Koperniki (Köppernig) is a village in the administrative district of Gmina Nysa, within Nysa County, Opole Voivodeship, in southwestern Poland. It was the ancestral village of Nicolaus Copernicus, whose great-grandfather had moved to then Polish capital Kraków around 1380.
The etymology of the name has been debated especially in the context of the biography of Copernicus, since at least the 1870s, surrounding two competing proposals, one suggesting the name root origin from the German word for copper (Kupfer), the other from the Polish word for dill (koper).

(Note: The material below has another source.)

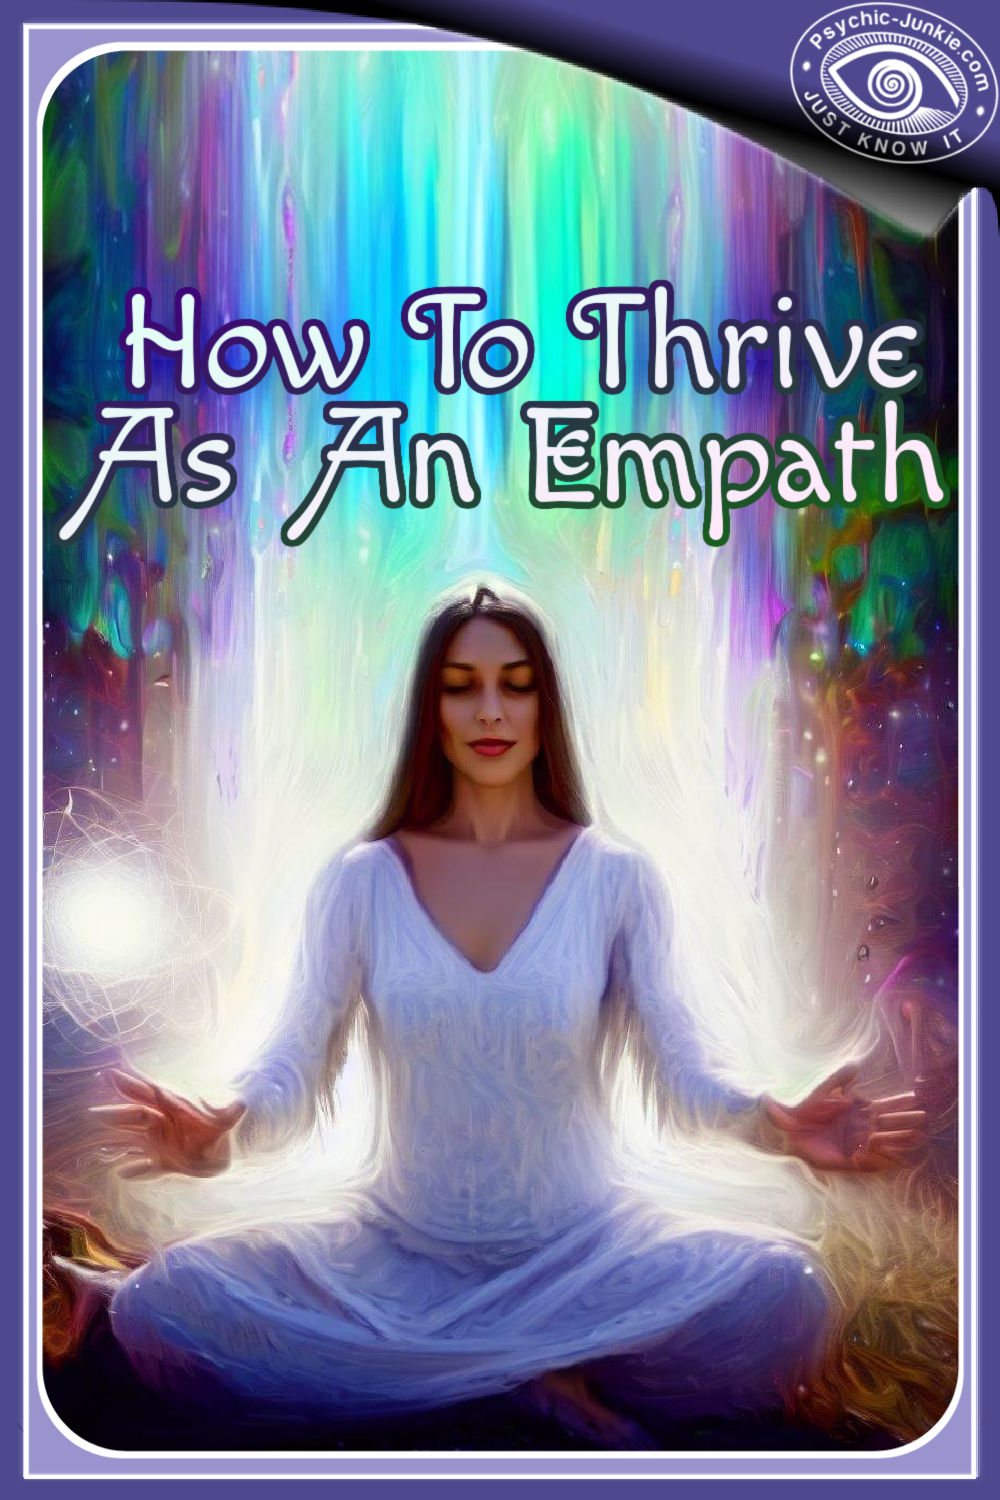 How To Be An Empath

The suffix -nik (or plural -niki) denotes a Slavic and Polish agent noun.

It is first mentioned in 1272, as Coprnih.
and in 1284 was listed as one of 65 major German settlements in the Duchy of Nysa.
As part of the Duchy of Nysa, it passed from the rule of Silesian branch of the Polish Piast dynasty to the Crown of Bohemia in 1342, and with Bohemia to the House of Habsburg in 1542. In 1742, it fell to Prussia as part of the settlement following the First Silesian War. In 1945, it became part of Poland, as Koperniki. The German population was displaced, and the village was re-populated with Polish settlers from Wiktorówka (Tarnopol Voivodeship) and Jeleśnia.